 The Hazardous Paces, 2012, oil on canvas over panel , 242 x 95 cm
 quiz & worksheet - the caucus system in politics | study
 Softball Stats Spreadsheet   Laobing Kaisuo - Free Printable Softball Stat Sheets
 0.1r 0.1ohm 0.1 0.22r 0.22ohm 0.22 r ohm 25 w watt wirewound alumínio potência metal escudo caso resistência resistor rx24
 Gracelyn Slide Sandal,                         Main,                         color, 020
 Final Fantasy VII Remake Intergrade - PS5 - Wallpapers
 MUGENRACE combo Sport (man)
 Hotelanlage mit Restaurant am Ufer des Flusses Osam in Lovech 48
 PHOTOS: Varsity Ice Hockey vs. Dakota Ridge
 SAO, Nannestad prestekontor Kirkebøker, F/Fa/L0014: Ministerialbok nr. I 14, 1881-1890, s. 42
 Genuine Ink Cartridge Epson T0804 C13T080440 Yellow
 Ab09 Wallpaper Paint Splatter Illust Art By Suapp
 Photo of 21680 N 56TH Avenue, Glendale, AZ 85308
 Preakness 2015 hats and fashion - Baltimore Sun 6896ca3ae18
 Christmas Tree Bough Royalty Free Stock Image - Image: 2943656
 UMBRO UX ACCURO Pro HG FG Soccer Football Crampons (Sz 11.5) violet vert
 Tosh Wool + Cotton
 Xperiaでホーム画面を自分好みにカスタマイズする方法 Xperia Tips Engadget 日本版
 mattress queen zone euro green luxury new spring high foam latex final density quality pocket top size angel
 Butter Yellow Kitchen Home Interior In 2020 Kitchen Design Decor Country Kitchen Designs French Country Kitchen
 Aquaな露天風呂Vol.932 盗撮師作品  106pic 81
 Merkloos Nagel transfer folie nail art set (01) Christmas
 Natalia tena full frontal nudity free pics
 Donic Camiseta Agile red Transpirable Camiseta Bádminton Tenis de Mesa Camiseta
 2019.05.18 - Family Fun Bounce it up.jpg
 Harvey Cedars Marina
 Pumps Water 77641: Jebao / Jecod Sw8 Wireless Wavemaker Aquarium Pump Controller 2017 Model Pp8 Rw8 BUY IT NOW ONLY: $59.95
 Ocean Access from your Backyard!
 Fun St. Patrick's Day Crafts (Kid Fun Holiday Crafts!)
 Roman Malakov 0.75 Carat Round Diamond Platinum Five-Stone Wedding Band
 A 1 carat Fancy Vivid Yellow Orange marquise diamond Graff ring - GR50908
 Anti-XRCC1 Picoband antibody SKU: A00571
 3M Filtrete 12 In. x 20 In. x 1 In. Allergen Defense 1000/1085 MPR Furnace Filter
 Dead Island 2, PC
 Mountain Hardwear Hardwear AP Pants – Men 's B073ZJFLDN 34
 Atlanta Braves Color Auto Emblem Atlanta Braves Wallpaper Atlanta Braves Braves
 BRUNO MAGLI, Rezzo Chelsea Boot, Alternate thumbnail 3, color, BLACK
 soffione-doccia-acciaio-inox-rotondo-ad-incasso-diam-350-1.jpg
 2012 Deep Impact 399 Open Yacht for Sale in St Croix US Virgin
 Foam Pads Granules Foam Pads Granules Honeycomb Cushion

--------------------------------

Send back each record exactly as it stands.

Result for this exercise:
 The Hazardous Paces, 2012, oil on canvas over panel , 242 x 95 cm
 quiz & worksheet - the caucus system in politics | study
 Softball Stats Spreadsheet   Laobing Kaisuo - Free Printable Softball Stat Sheets
 0.1r 0.1ohm 0.1 0.22r 0.22ohm 0.22 r ohm 25 w watt wirewound alumínio potência metal escudo caso resistência resistor rx24
 Gracelyn Slide Sandal,                         Main,                         color, 020
 Final Fantasy VII Remake Intergrade - PS5 - Wallpapers
 MUGENRACE combo Sport (man)
 Hotelanlage mit Restaurant am Ufer des Flusses Osam in Lovech 48
 PHOTOS: Varsity Ice Hockey vs. Dakota Ridge
 SAO, Nannestad prestekontor Kirkebøker, F/Fa/L0014: Ministerialbok nr. I 14, 1881-1890, s. 42
 Genuine Ink Cartridge Epson T0804 C13T080440 Yellow
 Ab09 Wallpaper Paint Splatter Illust Art By Suapp
 Photo of 21680 N 56TH Avenue, Glendale, AZ 85308
 Preakness 2015 hats and fashion - Baltimore Sun 6896ca3ae18
 Christmas Tree Bough Royalty Free Stock Image - Image: 2943656
 UMBRO UX ACCURO Pro HG FG Soccer Football Crampons (Sz 11.5) violet vert
 Tosh Wool + Cotton
 Xperiaでホーム画面を自分好みにカスタマイズする方法 Xperia Tips Engadget 日本版
 mattress queen zone euro green luxury new spring high foam latex final density quality pocket top size angel
 Butter Yellow Kitchen Home Interior In 2020 Kitchen Design Decor Country Kitchen Designs French Country Kitchen
 Aquaな露天風呂Vol.932 盗撮師作品  106pic 81
 Merkloos Nagel transfer folie nail art set (01) Christmas
 Natalia tena full frontal nudity free pics
 Donic Camiseta Agile red Transpirable Camiseta Bádminton Tenis de Mesa Camiseta
 2019.05.18 - Family Fun Bounce it up.jpg
 Harvey Cedars Marina
 Pumps Water 77641: Jebao / Jecod Sw8 Wireless Wavemaker Aquarium Pump Controller 2017 Model Pp8 Rw8 BUY IT NOW ONLY: $59.95
 Ocean Access from your Backyard!
 Fun St. Patrick's Day Crafts (Kid Fun Holiday Crafts!)
 Roman Malakov 0.75 Carat Round Diamond Platinum Five-Stone Wedding Band
 A 1 carat Fancy Vivid Yellow Orange marquise diamond Graff ring - GR50908
 Anti-XRCC1 Picoband antibody SKU: A00571
 3M Filtrete 12 In. x 20 In. x 1 In. Allergen Defense 1000/1085 MPR Furnace Filter
 Dead Island 2, PC
 Mountain Hardwear Hardwear AP Pants – Men 's B073ZJFLDN 34
 Atlanta Braves Color Auto Emblem Atlanta Braves Wallpaper Atlanta Braves Braves
 BRUNO MAGLI, Rezzo Chelsea Boot, Alternate thumbnail 3, color, BLACK
 soffione-doccia-acciaio-inox-rotondo-ad-incasso-diam-350-1.jpg
 2012 Deep Impact 399 Open Yacht for Sale in St Croix US Virgin
 Foam Pads Granules Foam Pads Granules Honeycomb Cushion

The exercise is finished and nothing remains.